Софи ничего не понимала. Почему Домициан не мог пойти в город? А если не в город, то куда же он отправился?
— О чем ты вообще говоришь?
— Об исчезновении Домициана. Я знаю, где он, и думаю, что он больше не вернется. Но не потому, что не хочет, а потому, что не может… потому что они его убили.
Софи потрясла своими влажными от пота пальцами. Что это с парнем? Несет какую-то чушь, плетет всякую ерунду.
— Я обещал Ломбарди ничего не рассказывать, но если он ничего не предпринимает?! Он даже не сказал Штайнеру, где искать Домициана. Делает вид, что знать ничего не знает.
— А что ему нужно знать?
Лаурьена знобило. Осеннее солнце не согревало, и чем дольше он смотрел на воду, тем глубже проникал в кости мертвящий холод. По ночам он просыпался от мысли, что его ноги превратились в ледышки, в обрубки лишенного нервов мяса. Снова и снова один и тот же вопрос: как поступить? Какое тебе дело, что Домициан не смог обуздать свою похоть и попал в сети еретиков, которые перерезали ему горло? Какое отношение имеешь к этому ты, Лаурьен?
Он чувствовал ужасную слабость; казалось, в любую минуту он может упасть с изгороди в воду, потому что у него кружилась голова, лопающаяся от столь ужасной тайны.
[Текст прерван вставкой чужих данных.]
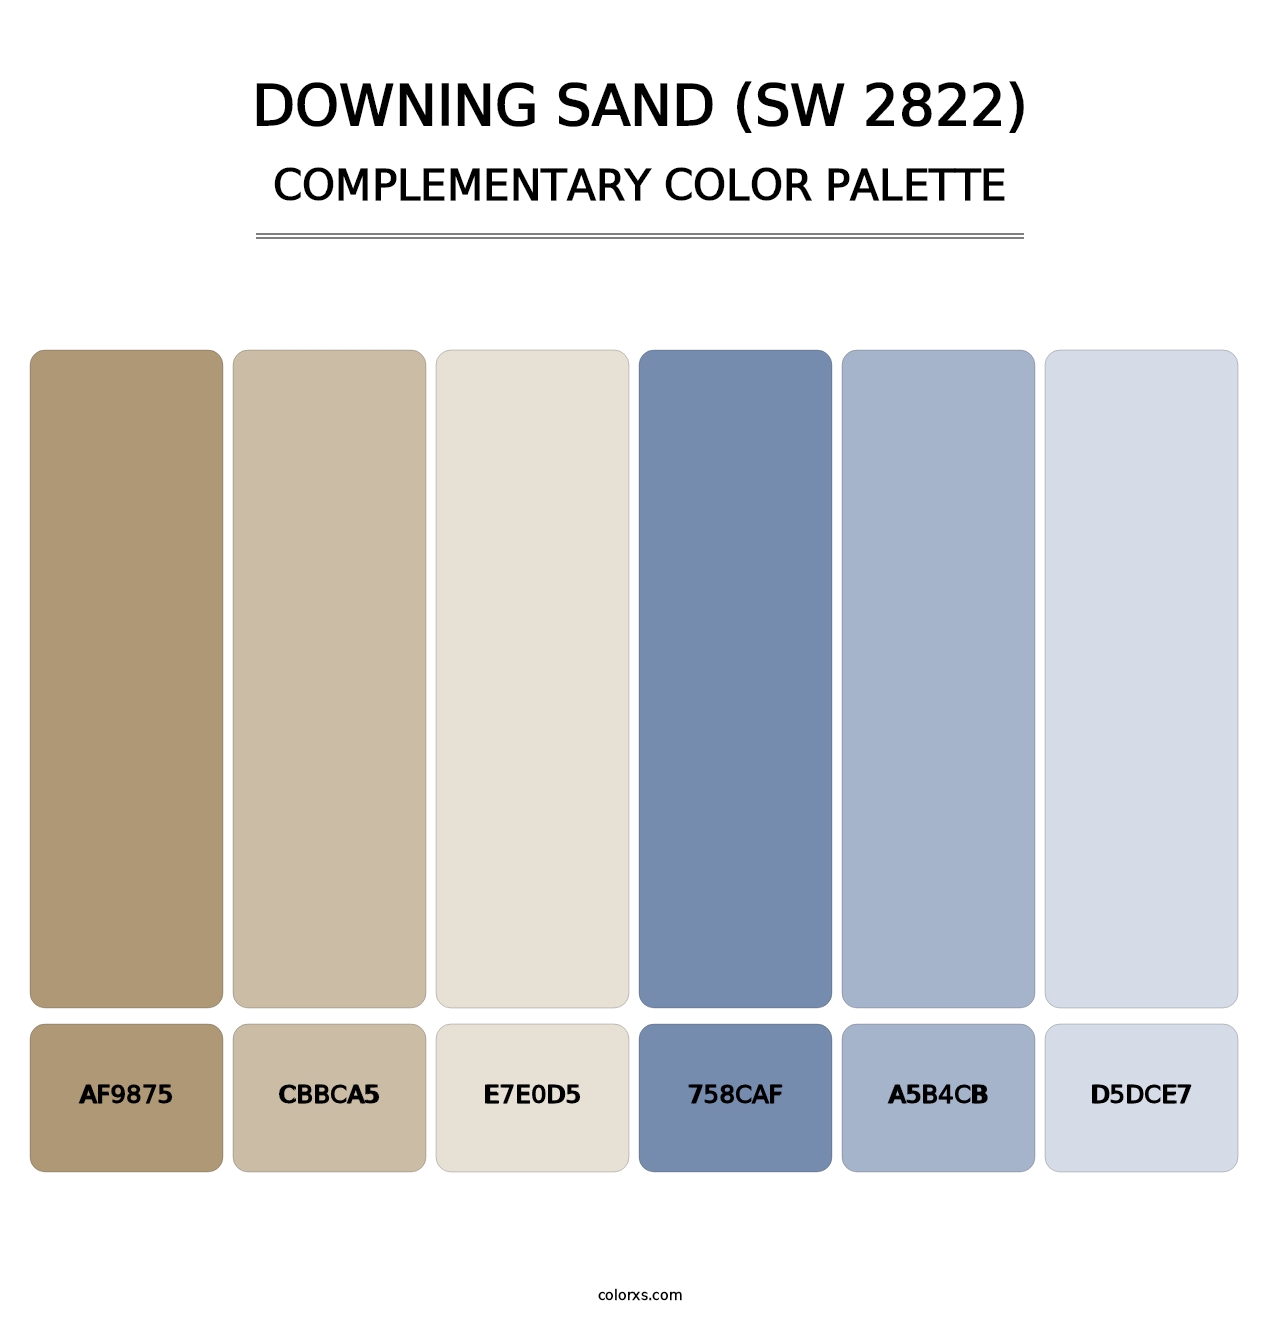 Downing Sand (SW 2822) - Complementary Color Palette

Он склонился к своему другу Иосифу Генриху и шепотом поведал ему все: что эти там собираются и что Домициан наверняка снова пошел туда и с тех пор не возвращался; что они вели себя как коровы и быки на пастбище и позорили Бога и всех христиан…
Он шептал долго, а потом сгорбился и устремил взгляд на воду. Глаза его сверкали, в желудке, казалось, крутится ветряная мельница. Он бросился к реке и склонился над водой.
Софи с ужасом смотрела ему в спину. Как коровы и быки на пастбище? Ах, нет, не на пастбище, на алтаре, так он сказал. Лаурьен вернулся. Сел перед ней на землю и снова схватил ее за руку;
— Иосиф, ты свободен и волен идти куда хочешь. А вот я… я сижу в схолариуме и не могу сделать ни шагу. Пожалуйста, сходи в Вайлерсфельд, послушай, о чем говорят. Может быть, там что-то знают…
Она хотела погладить его по волосам, чтобы утешить, но вовремя взяла себя в руки. Среди мужчин это не принято.
— Для тебя он так много значит?
— Я уверен, что с ним что-то случилось. Я его любил, он был моим другом. А благодаря его отцу я могу учиться…
Софи кивнула.
— А Ломбарди? Какое он имеет к этому отношение?
— Никакого. Он просто… я ему доверился. Но он ничего не предпринимает. Мне кажется, ему все равно, жив Домициан или мертв.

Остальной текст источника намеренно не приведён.